Sunday, August 9, Angelinos awoke to the unsettling news that actress Sharon Tate and four other people had been savagely murdered in a grisly attack the previous evening at the home the actress was renting in Beverly Hills. Tate was eight months pregnant; her unborn baby died with her. One of the assailants wrote the word “pig” in Tate’s blood on the front door. The victims in the Tate home had been stabbed 102 times.

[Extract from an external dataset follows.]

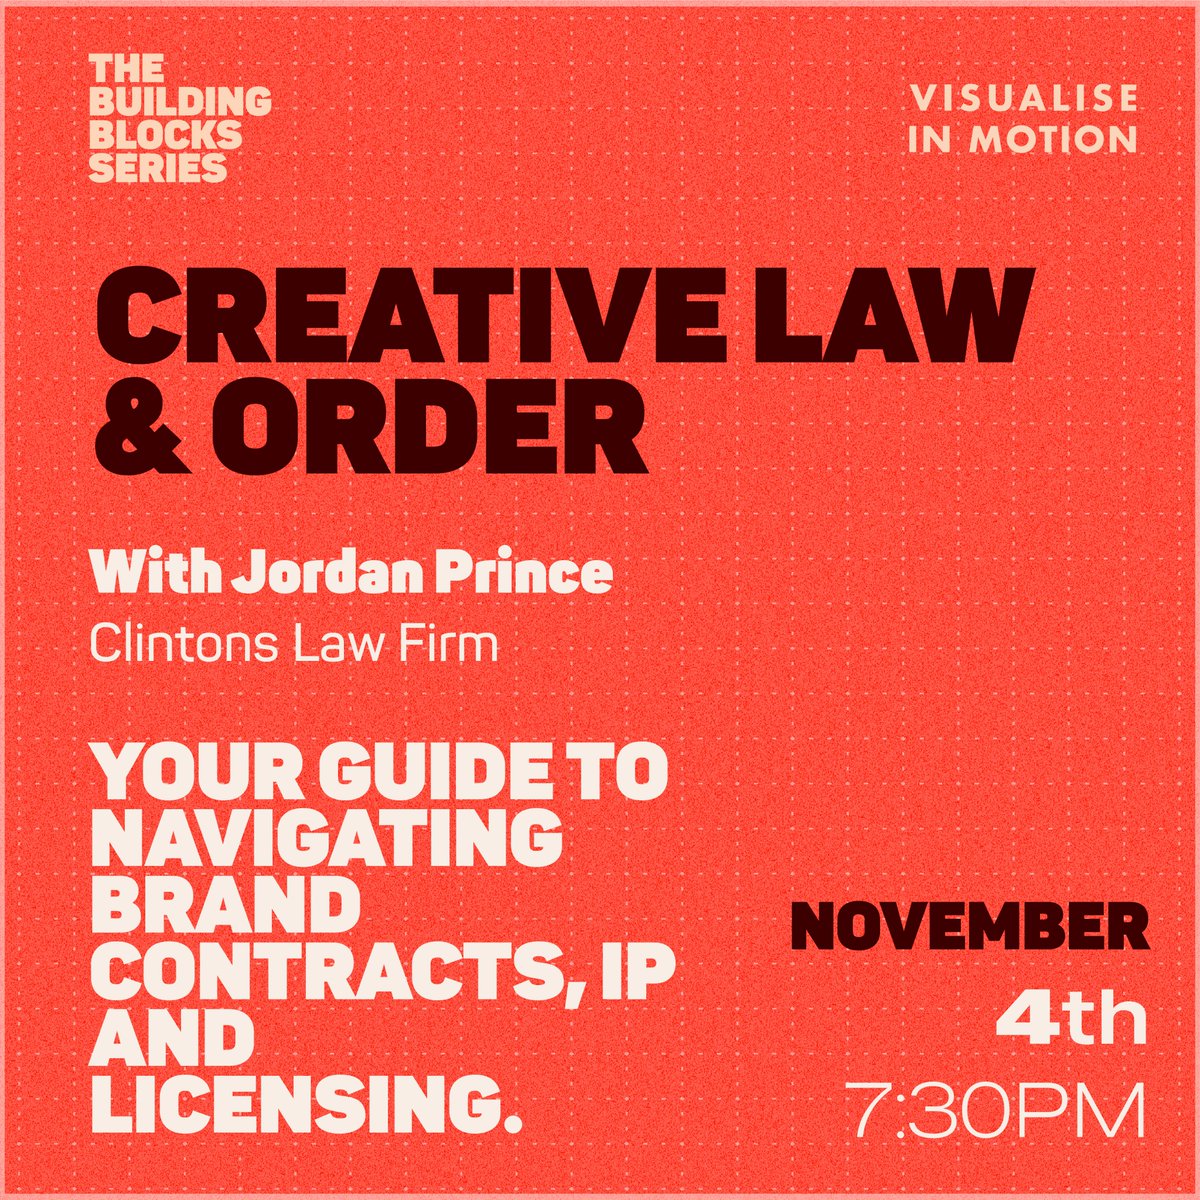 Next up is Creative Law & Order on November 4th @ 7:30pm & this one will be especially useful to those who are in the business of creating content. This session will give you an overview of IP, licensing & brand contracts. Register for tickets here:  https://www.eventbrite.co.uk/e/122283295629 

The next night, an elderly wealthy couple, Leno and Rosemary LaBianca, were killed in their Los Angeles home in equally brutal fashion. Rosemary LaBianca was stabbed 16 times. Leno LaBianca had twelve stab wounds including a knife stuck in his throat, along with seven fork wounds. The word "war" had been carved on his stomach.

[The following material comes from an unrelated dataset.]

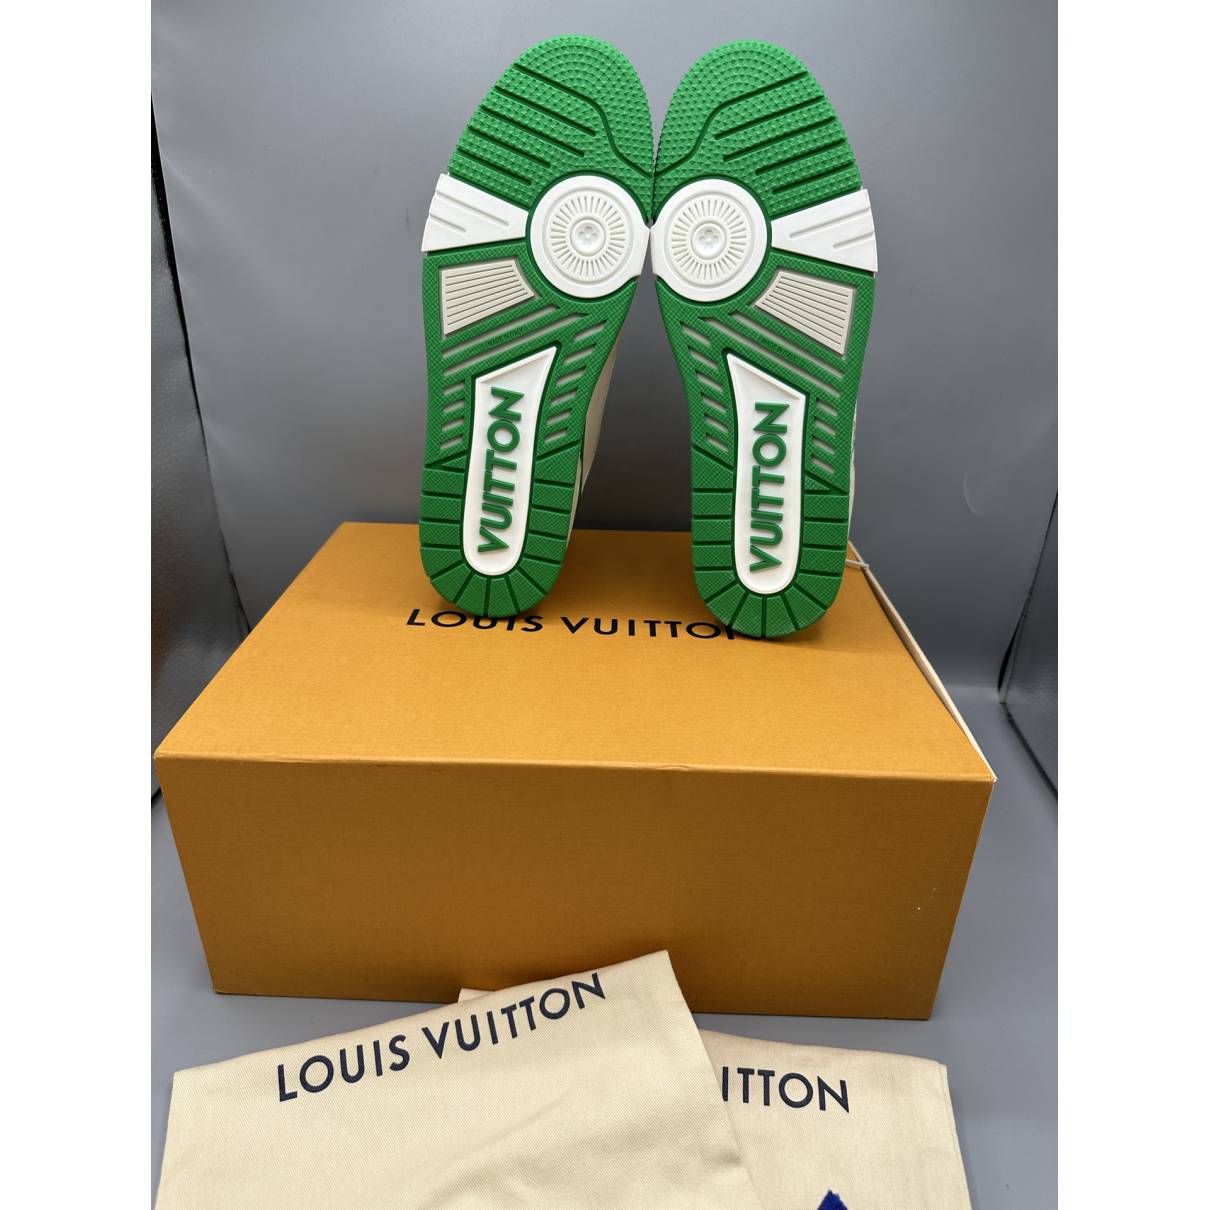 Lv trainer leather low trainers Louis Vuitton Green size 9 UK in Leather -  34091870

On their living room wall, in blood, were the words "Death to pigs" and "Rise," and on the refrigerator door was written, "Healter Skelter," the misspelled title of a Beatles song from the "White Album."
Sunday, July 20: Buzz Aldren salutes the flag, on the surface of the moon

Patricia Krenwinkle, Susanne Atkins, Linda Kasabian, Leslie Van Houten and Charles "Tex" Watson were eventually charged with the murders. All were members of a quasi-religious cult led by Charles Manson, a charismatic drifter, aspiring musician and petty criminal. Manson (who took part in the LaBianca but not the Tate killings) was accused of directing his followers’ actions. It was believed he regarded the killings as the impetus that would ignite an apocalyptic race war.

Another plausible theory was that the murders were merely intended to distract law enforcement authorities from some drug deals that had gone dangerously bad and had put Manson and his coterie on the wrong side of some Black Panther members. See Denise Noe's reportage in "The Manson Myth" on the Crime Magazine website. Eventually all were convicted. Manson has remained a figure of morbid public fascination for forty years. In most of his pictures, he certainly looks crazy.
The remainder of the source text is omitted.